The undersigned hereby represents that all the representations and warranties contained in Sections 5.3 through 5.8 of the Securities Purchase Agreement dated on or about March ___, 2001 between ClickAction Inc. and the Purchasers named therein are true and correct in all material respects as of the date hereof and as if the undersigned were the Purchaser stated therein (if the undersigned is not such Purchaser).
In lieu of delivering physical certificates representing the Warrant Shares purchasable upon exercise of this Warrant, provided the Company's transfer agent is participating in the Depository Trust Company ("DTC") Fast Automated Securities Transfer ("FAST") program, upon request of the Holder, the Company shall use its best efforts to cause its transfer agent to electronically transmit the Warrant Shares issuable upon conversion or exercise to the undersigned, by crediting the account of the undersigned's prime broker with DTC through its Deposit Withdrawal Agent Commission ("DWAC") system.
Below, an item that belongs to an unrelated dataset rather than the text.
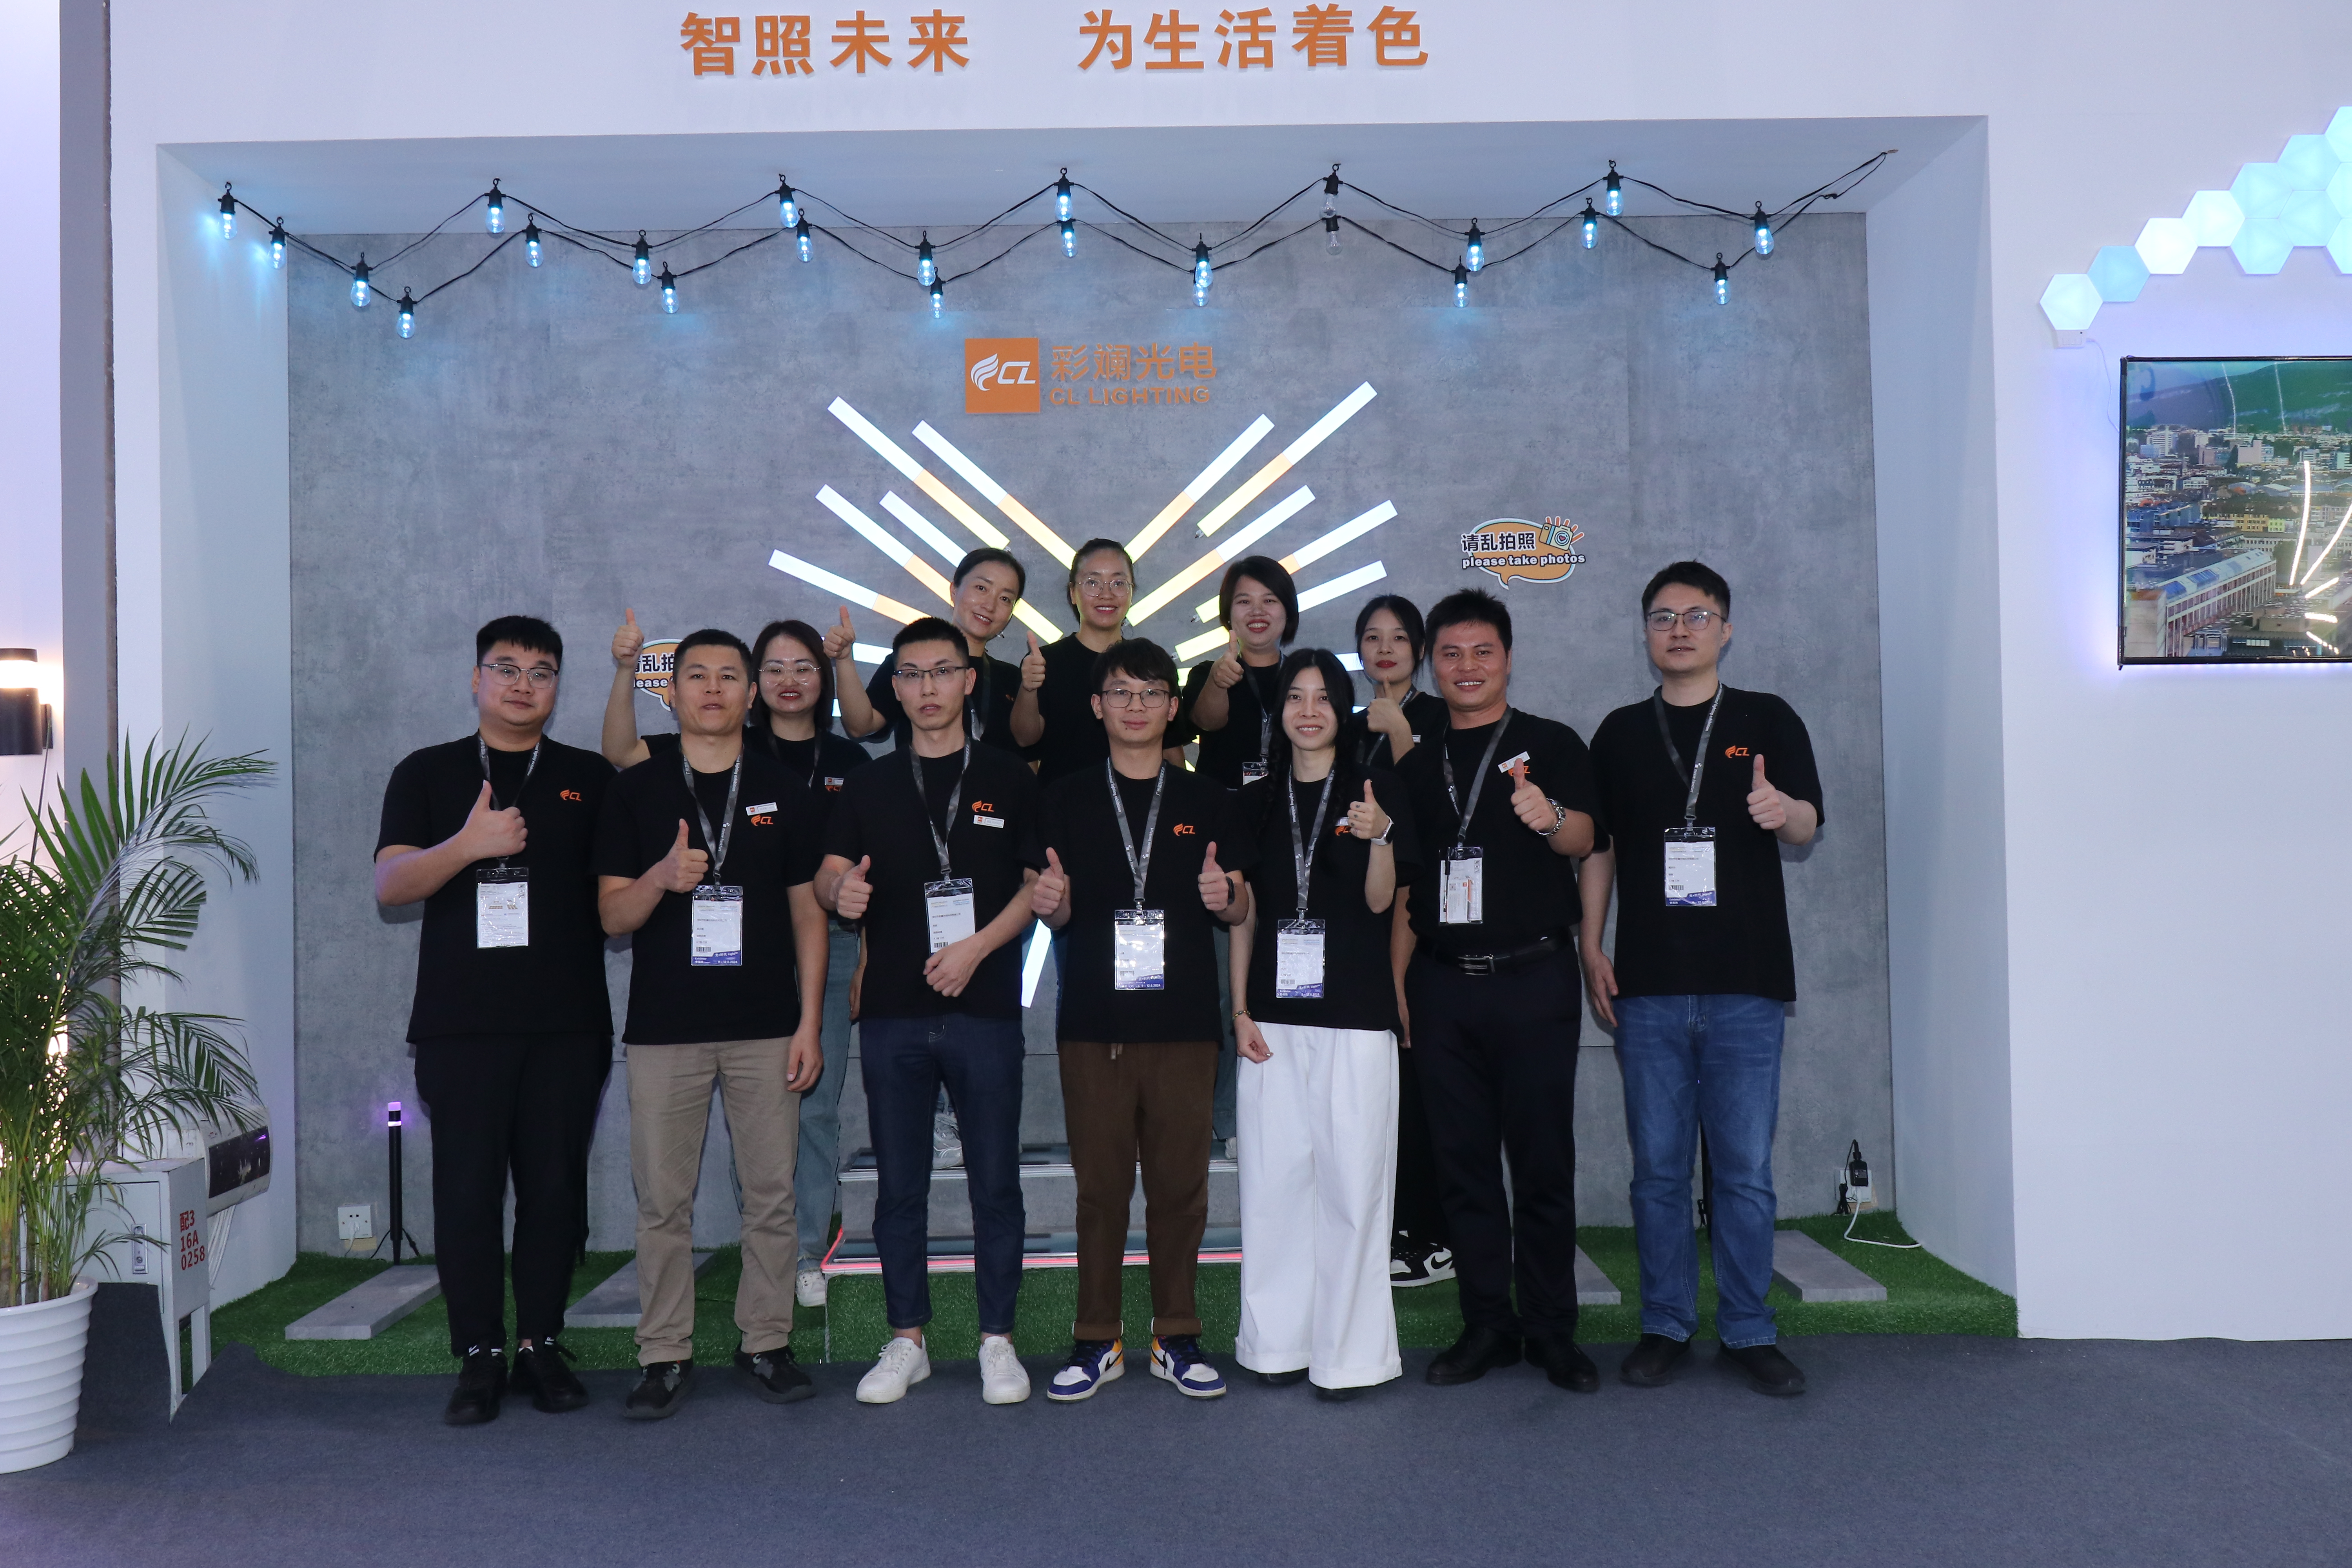 Guangzhou international lighting Exhibition has come to a successful conclusion, CL lighting are looking forward to create a beautiful vision with you.

Dated:_______________________ Signature: ________________________________
________________________________
Name (please print)
________________________________
Address

· NOTE: If conversion of the Warrant is made by surrender of the Warrant and the number of shares indicated exceeds the maximum number of shares to which a holder is entitled, the Company will issue such maximum number of shares purchasable upon exercise of the Warrant registered in the name of the undersigned Warrantholder or the undersigned's assignee as below indicated and deliver same to the address stated below.